The Nabsys platform capabilities allow a seamless extension of high-confidence deletion calls to any length scale when used in conjunction with a single NGS technology, eliminating putative deletions that would not be substantiated by additional technologies. As additional high-confidence deletion data become available, SV-Verify will be refined to provide even higher performance for deletion calling. The methods described here are readily extensible to other types of structural variants, such as insertions, large inversions, translocations, and complex variants.

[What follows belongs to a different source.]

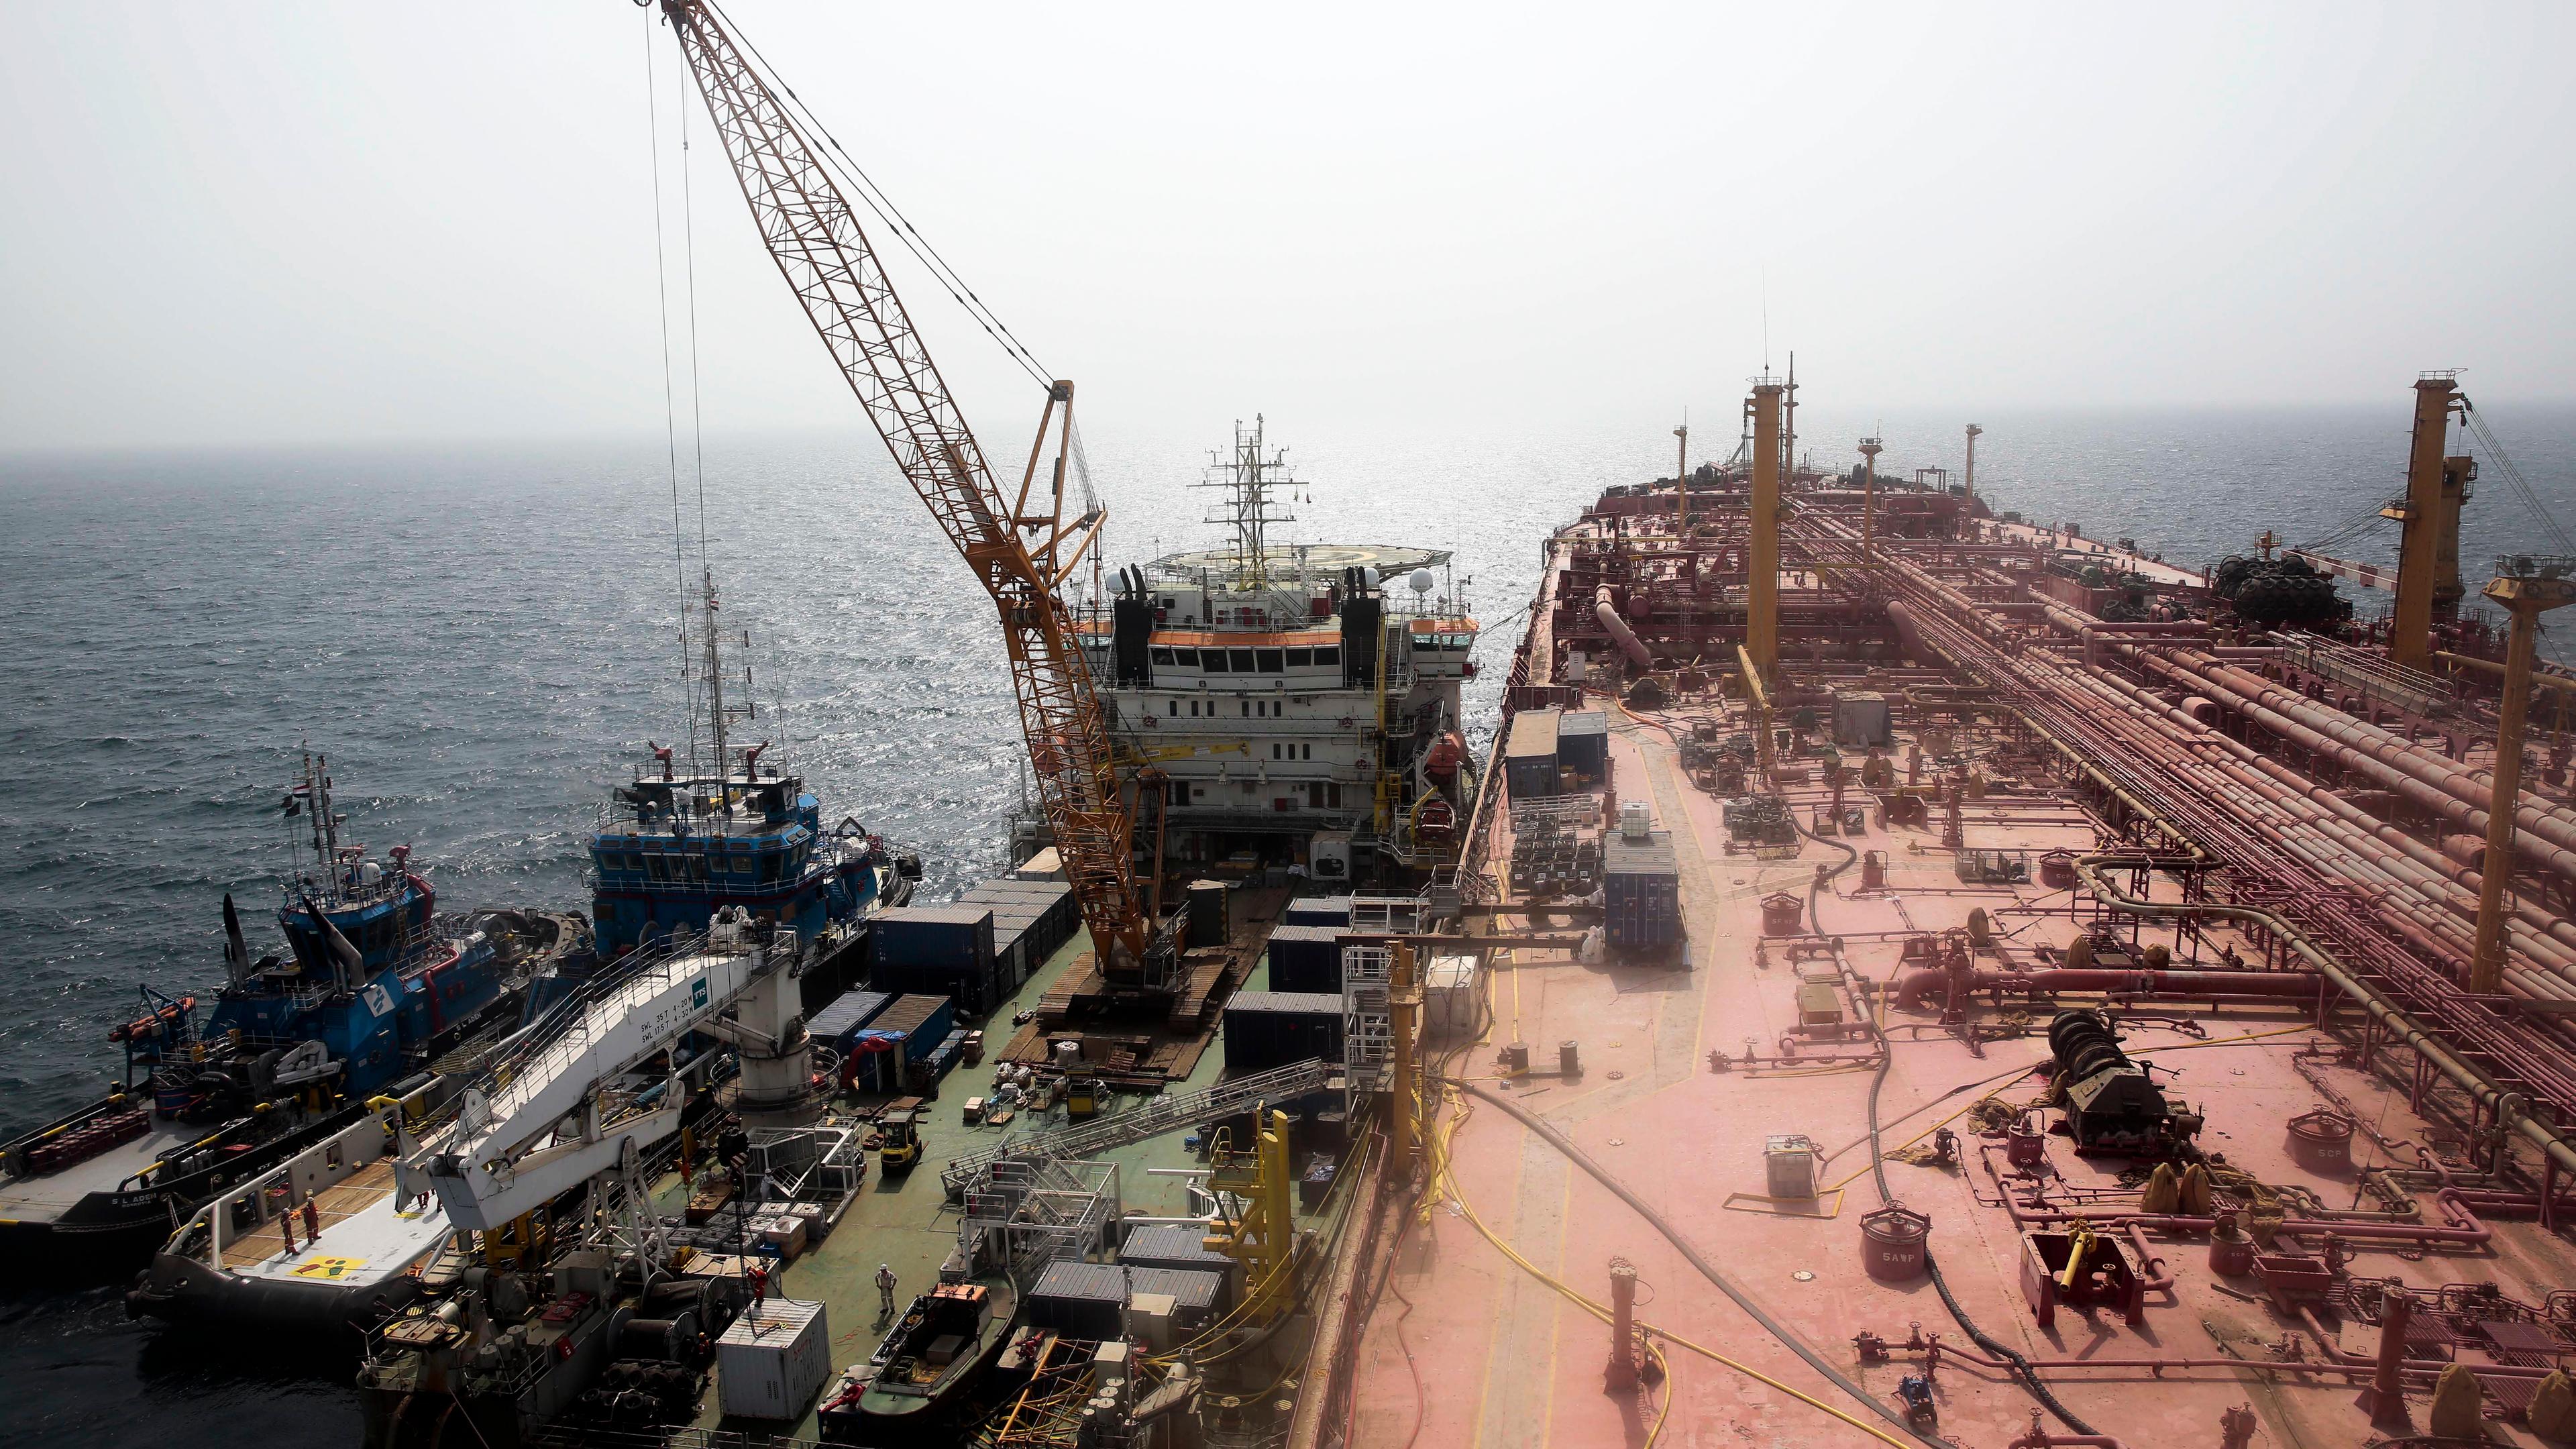 ARCHIV: Technische Schiffe stehen neben dem Öltanker "FSO Safer" vor der Küste Jemens.

Moreover, further development will enable discovery of SVs not revealed by current technologies and analytical approaches.
ACKNOWLEDGEMENTS
We thank Justin Zook, Ph.D. and Marc Salit, Ph.D., of the NIST Genome-Scale Measurement Group for welcoming our participation in the GIAB consortium and integrating our results with those provided by other consortium members. We thank Eliezer Upfal, Ph.D., Professor of Computer Science, Brown University for his machine learning expertise and review of this manuscript.